A team with the revenue the Lakers have at their disposal probably shouldn’t fret about that…but…well…that was true in 2021 and we all saw how that went for Caruso. The market will be a bit more restricted this time. Any team hoping to make such an offer to Reaves would need at least $20 million in cap space, according to Smith latest forecasts, only eight teams currently fit the bill: Houston, Utah, San Antonio, Oklahoma City, Detroit, Indiana, Sacramento and Orlando. The Rockets, Kings, Pacers, and Pistons probably invested too much in guards to justify that kind of spending.
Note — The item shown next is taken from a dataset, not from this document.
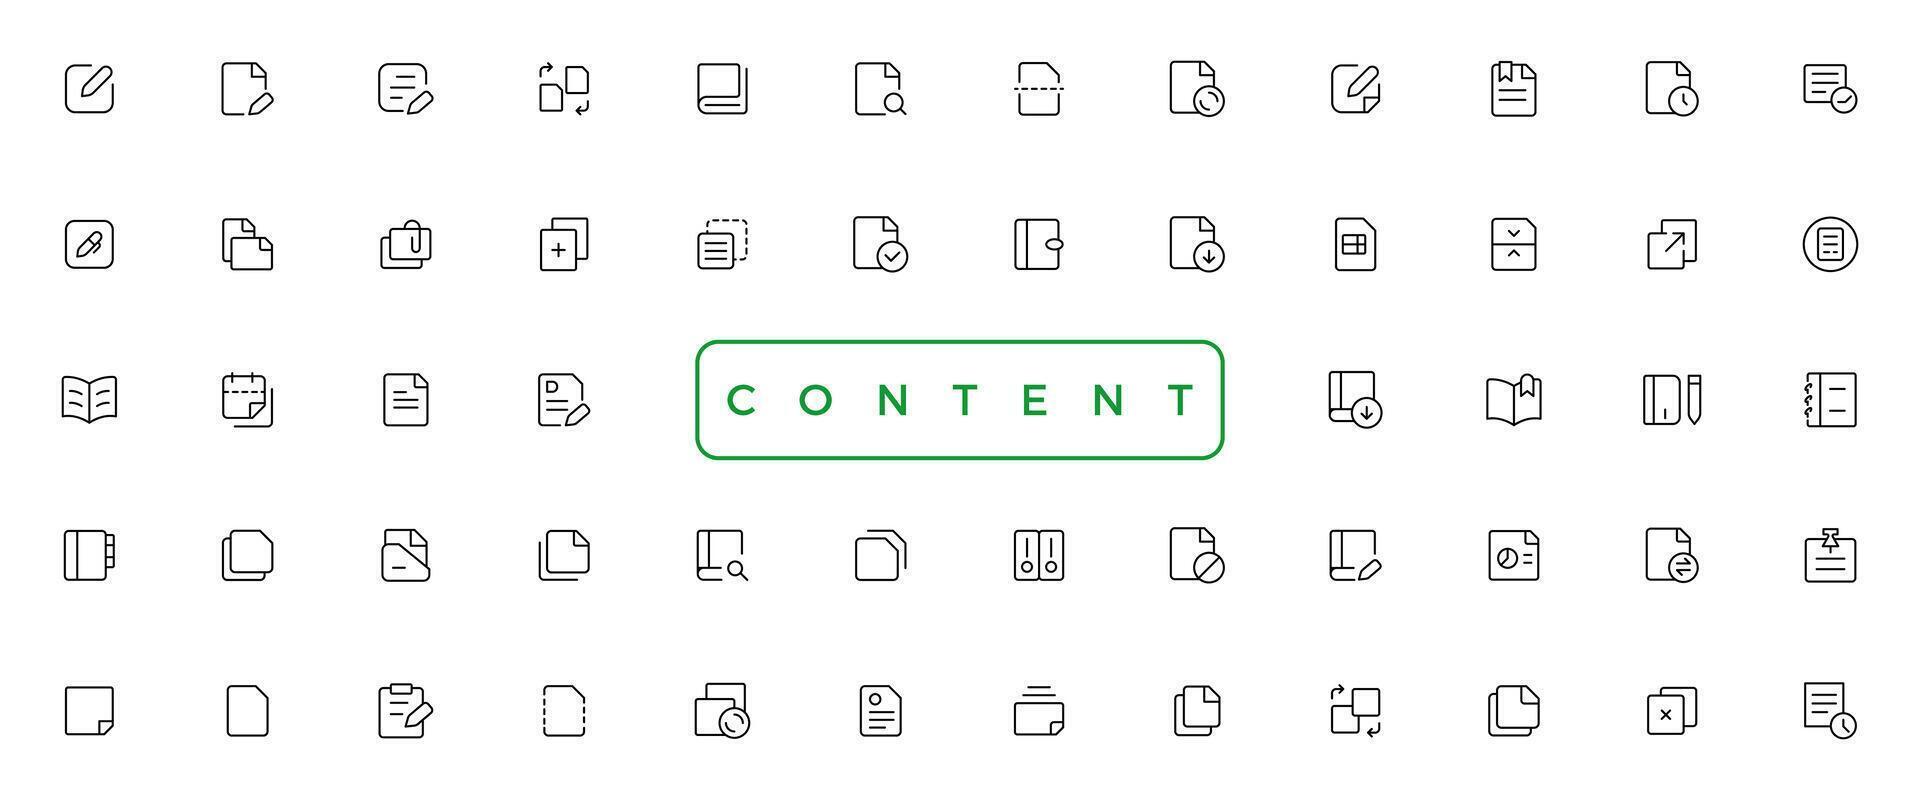 contenido sencillo concepto íconos colocar. contiene tal íconos como vector imagen, medios de comunicación, video, social contenido y más, lata ser usado para web, logo, ui o ux
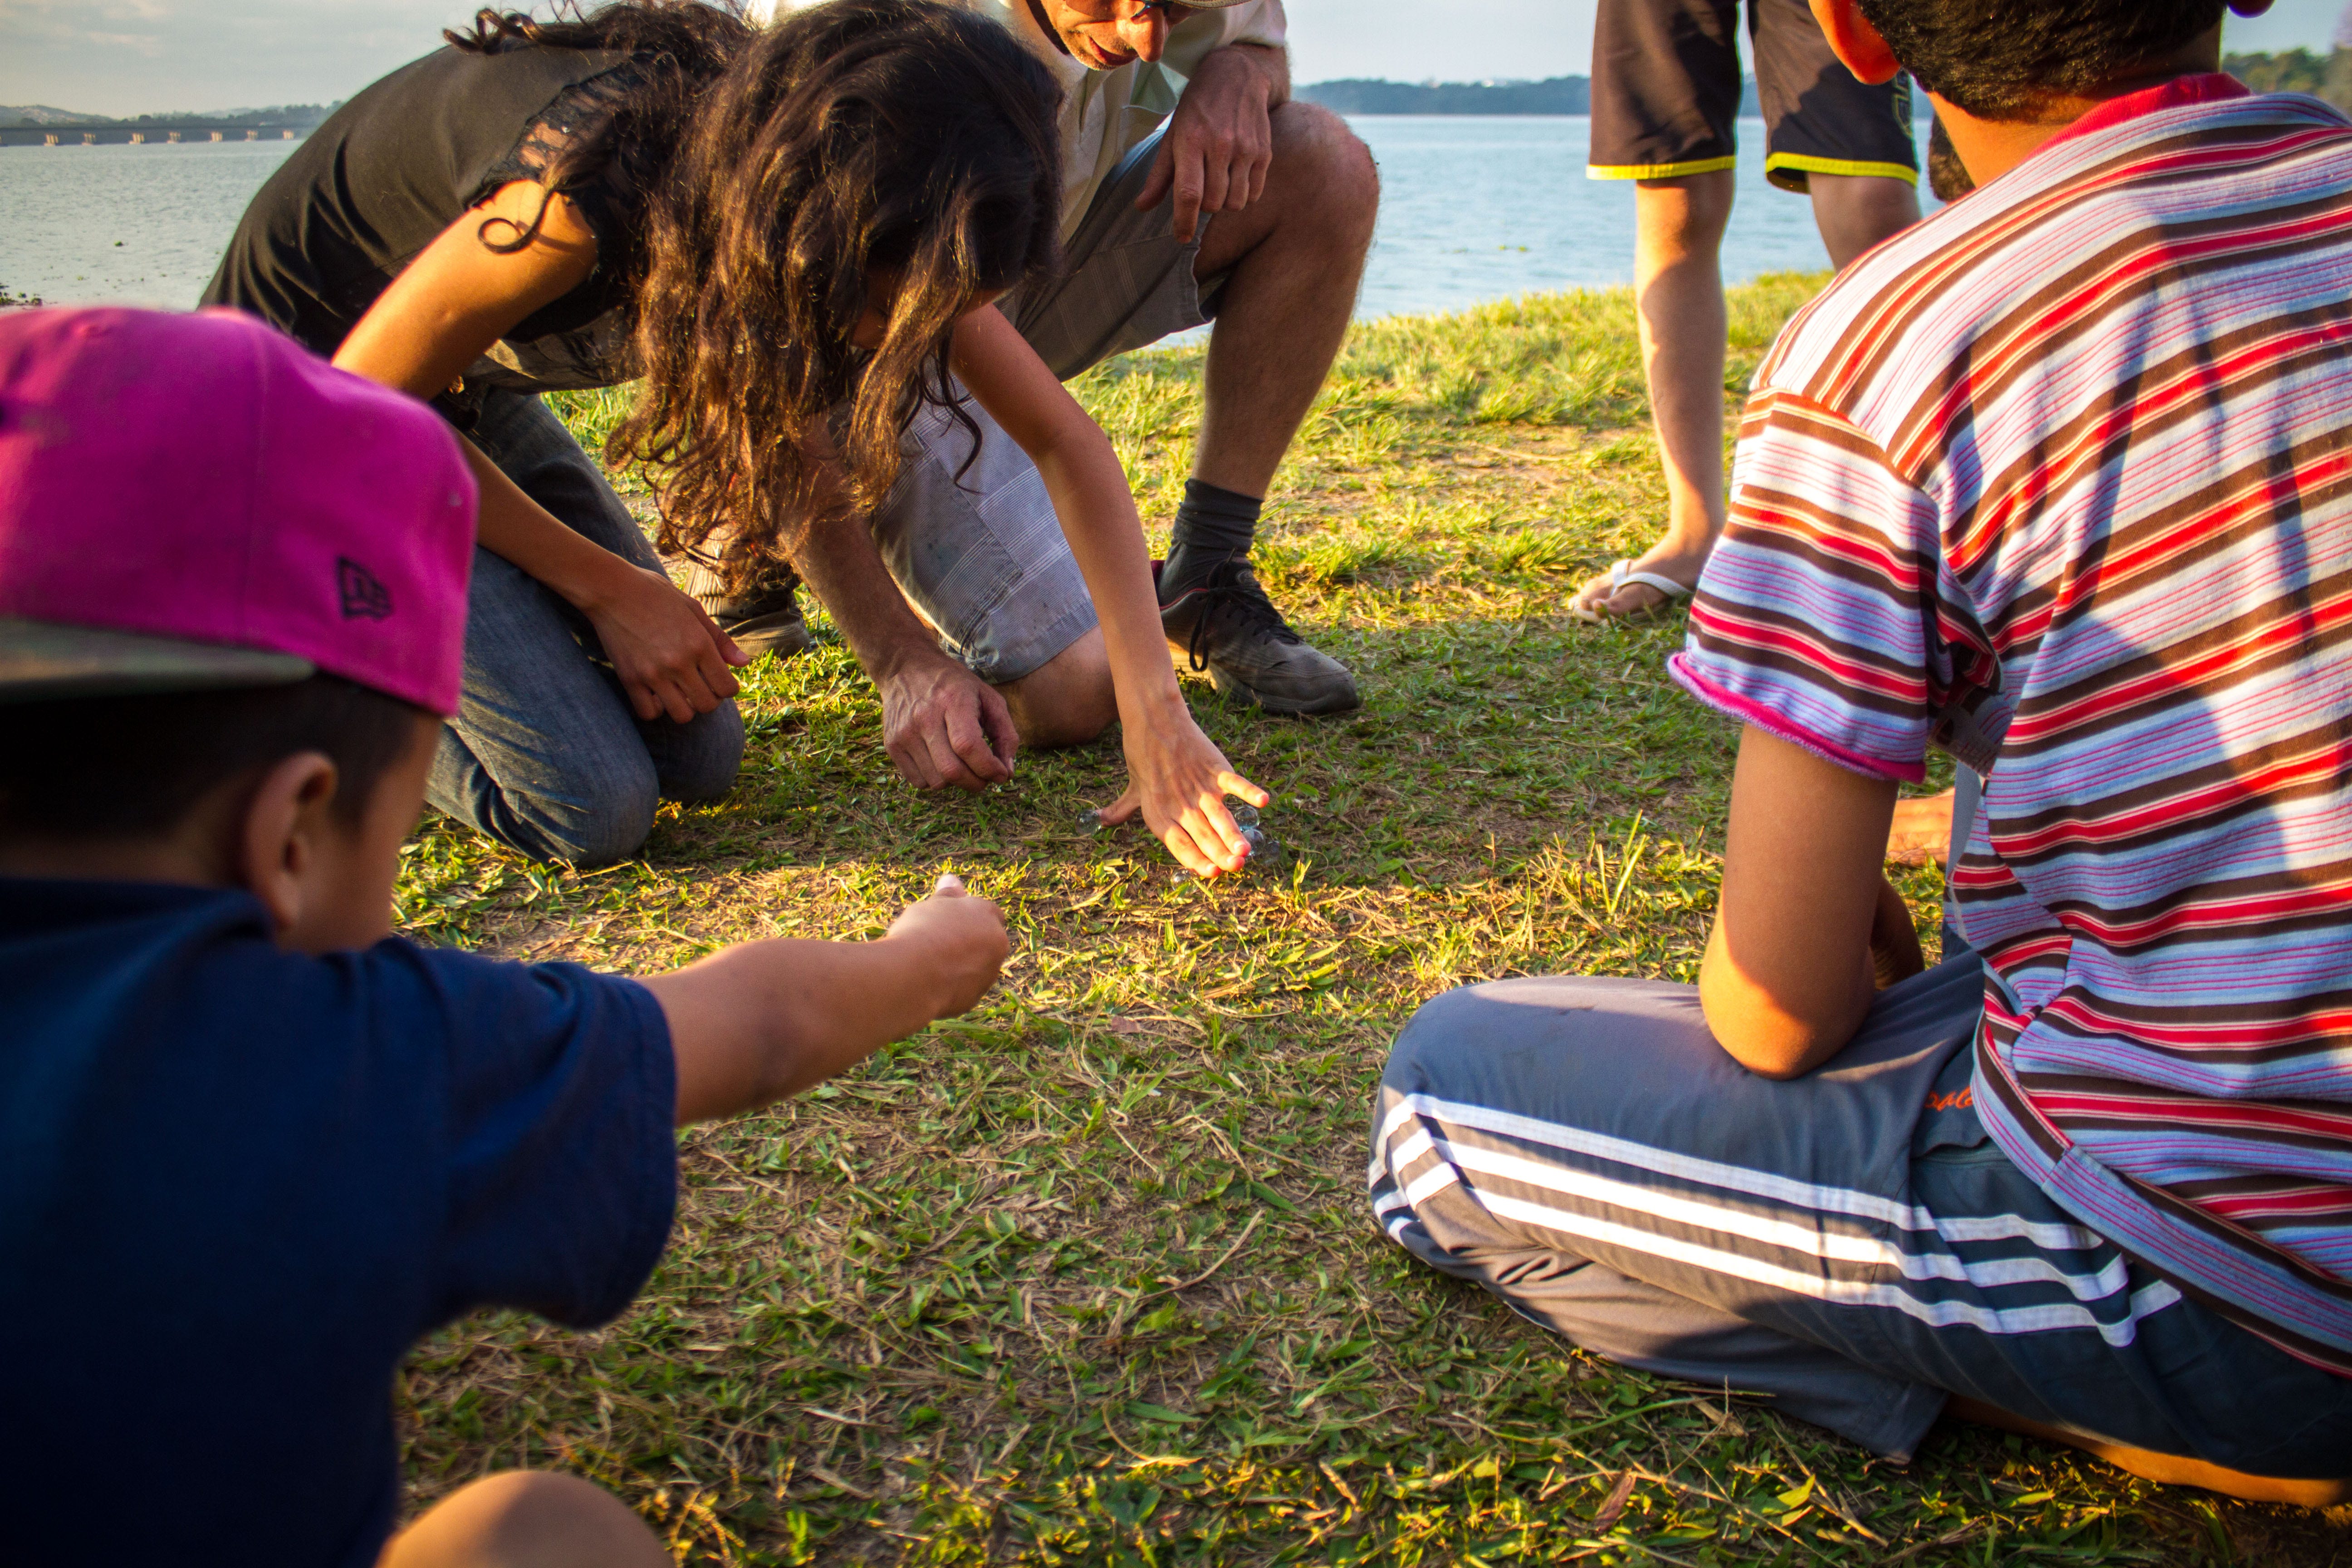 Campeonato de bolinha de gude reúne crianças da Ilha do Bororé, by  Priscila Pacheco, Portfólio Priscila Pacheco

But the Magic only have specialists in their backcourt and would absolutely love a player as balanced as Reaves. The Jazz only have two guards under guaranteed contracts for next season in Collin Sexton and Ochai Agbaji. The Thunder aren’t choosy positionally and will happily accept a little more ball handling and defensive help. Gregg Popovich has no love for the Lakers and could really use an upgrade from Tre Jones as a point guard even if he did. More Cap Space teams could emerge in the coming months. There will be applicants here.
Reaves may not quite hit his $80 million maximum, but he’s playing his way out of the $51 million deal the Lakers were certainly looking to give him this offseason. No matter where the final number falls, it will almost certainly force the Lakers into a backlog of contract, which in turn will leave them with an uncomfortable level of financial uncertainty. Whatever the price, the Lakers should pay it. But after what happened with Caruso, her front office has lost the benefit of the doubt on such matters. Fans will be restless until the ink dries on his next deal.